US News

EYE ON CY’S ‘PROBLEM’ AIDE

A move is on within Cy Vance Jr.’s campaign for Manhattan District Attorney to curtail the role of a former top deputy to Robert Morgenthau, who sources told The Post had been trying to recruit current assistant DAs – a violation of a long-held office policy.

Sources familiar with the discussions said many people in Team Vance are hoping to severely pull back on the power of senior strategist Jessica De Grazia, a former Morgenthau chief assistant DA who sources said contacted sitting ADAs and asked them to work nights and weekends or to sit on a policy committee.

De Grazia, who several sources said wouldn’t have joined Team Vance months ago without Morgenthau’s tacit blessing, denied the move to The Post, although multiple sources confirmed it had taken place.
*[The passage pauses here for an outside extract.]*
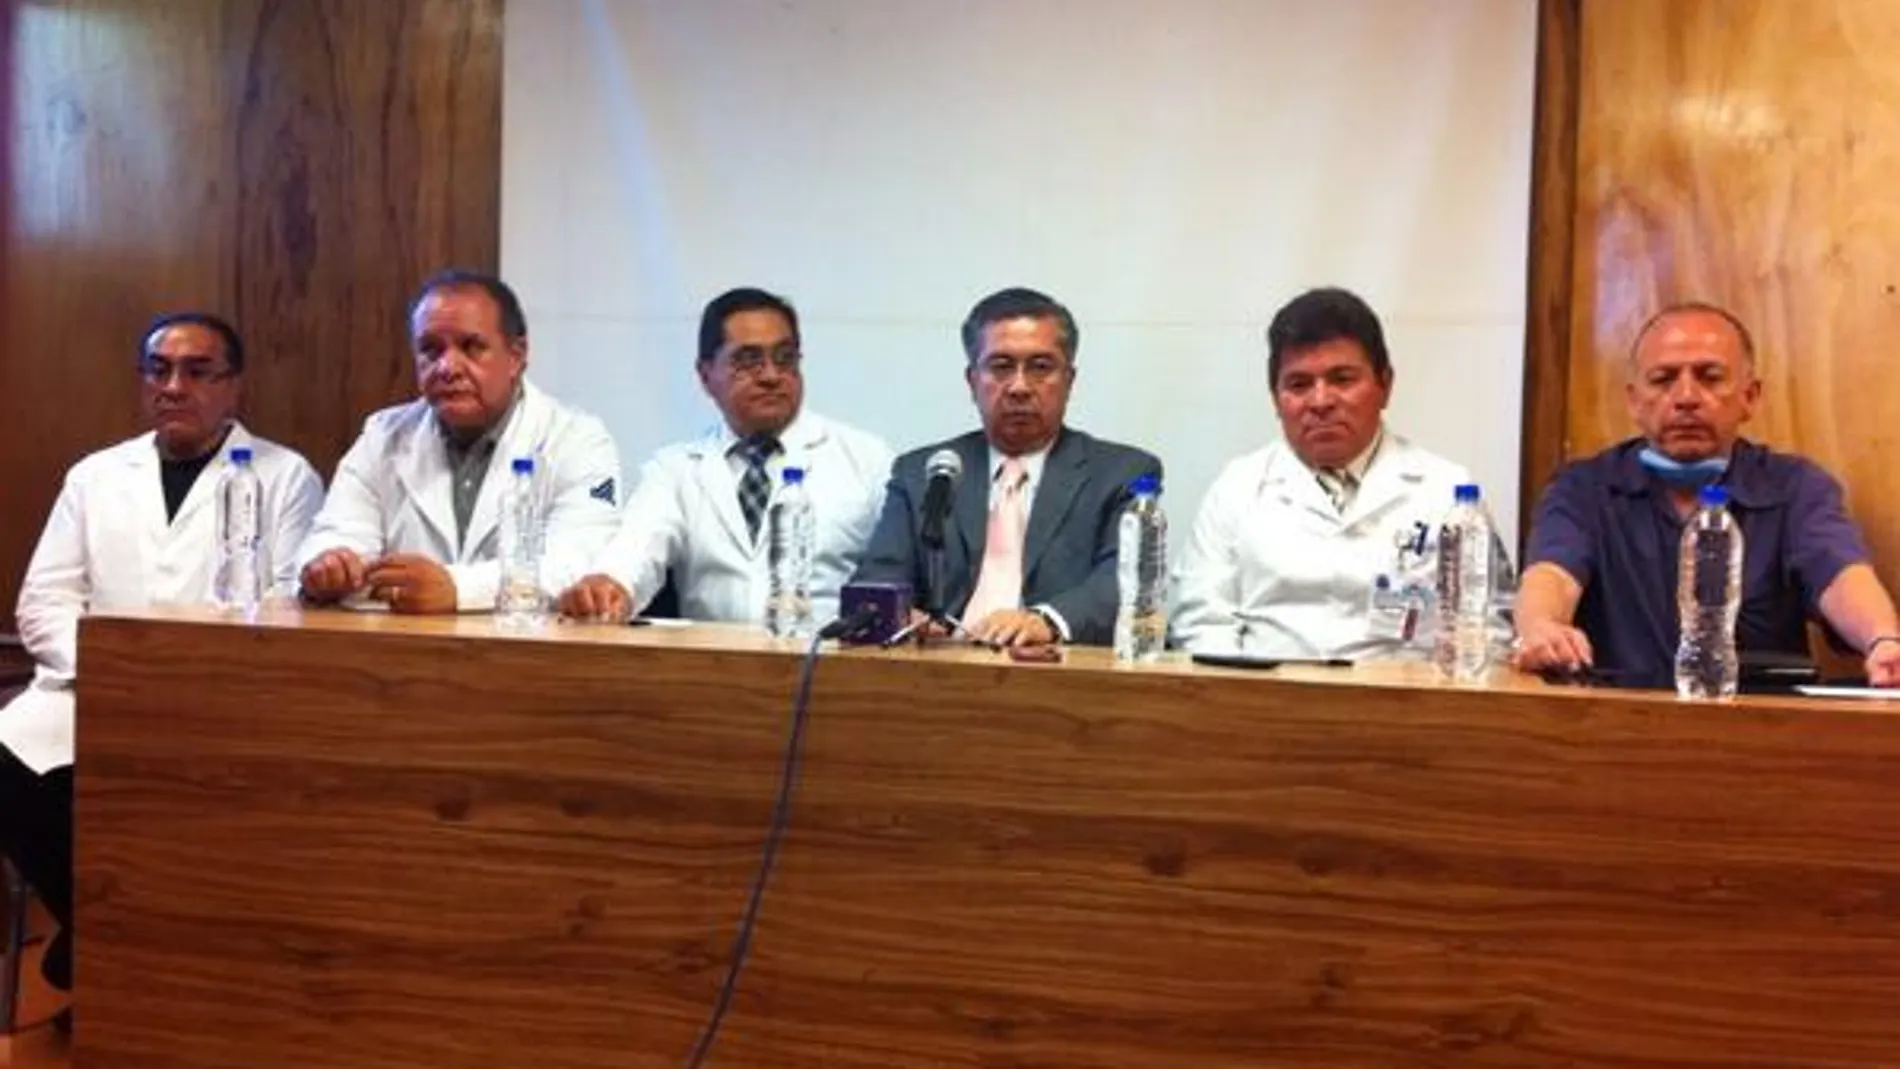 El equipo médico encabezado por el doctor Francisco Chong
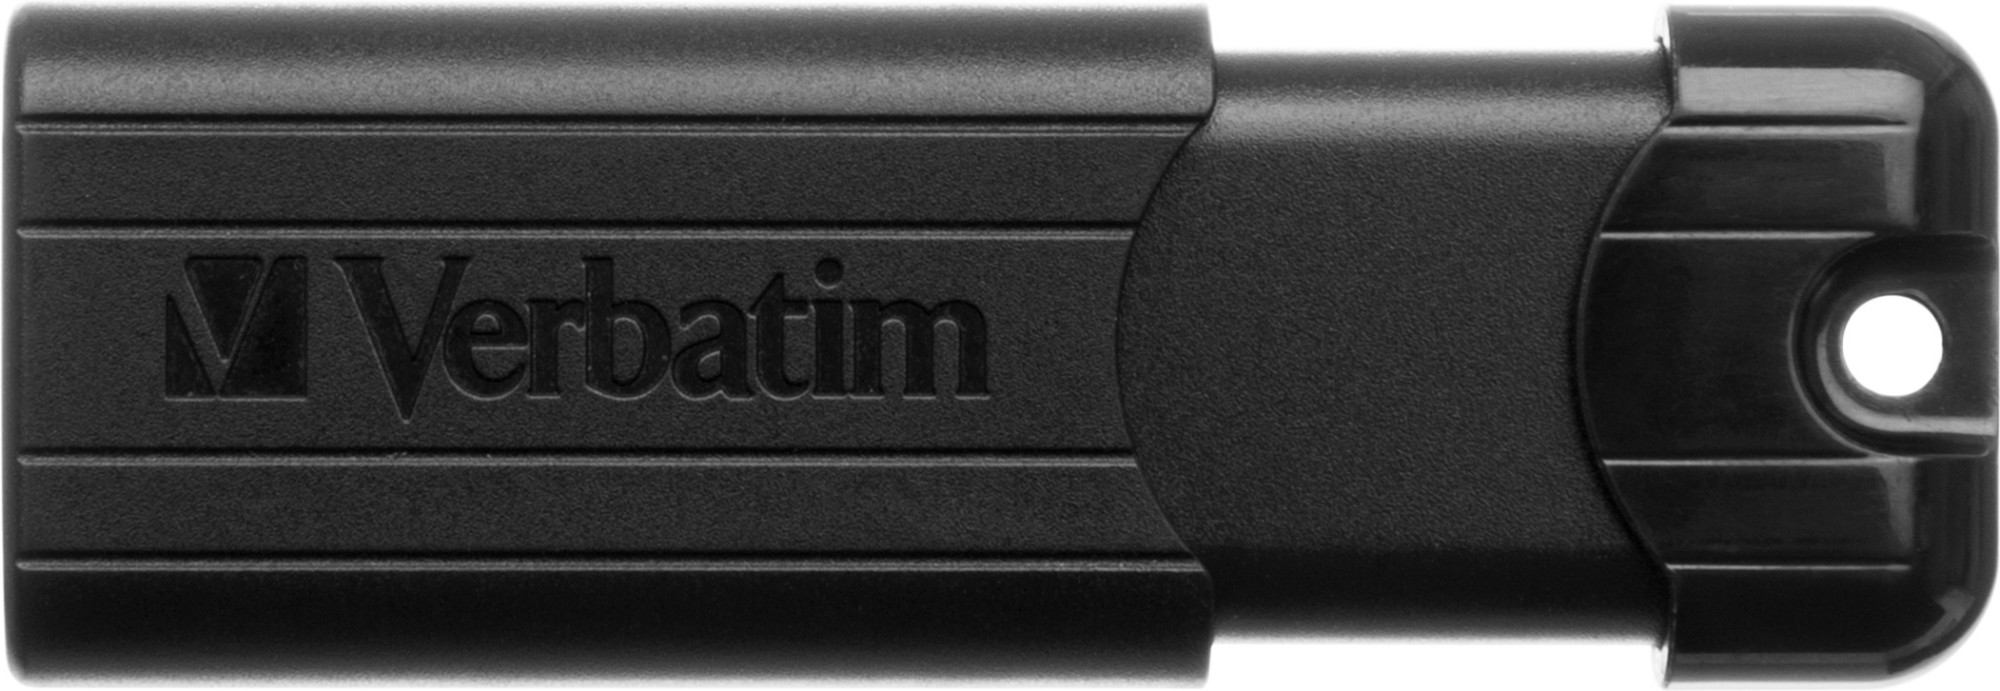 Verbatim PinStripe 3.0 - USB 3.0 Drive 16 GB – - Black

Morgenthau has a long-held ban on ADAs doing political work, and some of those who got calls asked their supervisor about it, prompting an internal email reminding people about the prohibition, sources said.

“She’s a problem,” said one source close to the campaign for Vance, who has been widely described as Morgenthau’s preferred successor as he ends his nearly 35 years in office at the end of 2009. Another source said they expected she would no longer be working for the campaign soon, although Vance spokeswoman Barbara Thompson strongly denied that was the case and said her plan had always been to travel back and forth between New York and her home in London.

At the moment the race to replace Morgenthau comprises Vance, a former ADA and trial lawyer who spent a chunk of his career in Seattle before moving home in 2004; former judge Leslie Crocker Snyder – who ran against the DA four years ago, making hay of his age; and another former ADA, gun control advocate and lawyer Richard Aborn.

Crocker Snyder spokesman Michael Tobman took a swipe at Vance over the De Grazia calls, saying, “It’s sad, thought not surprising, that Vance supporters needed to behave this way since – to be plain about it – their candidate has been back in New York just five years after living sixteen in Seattle.”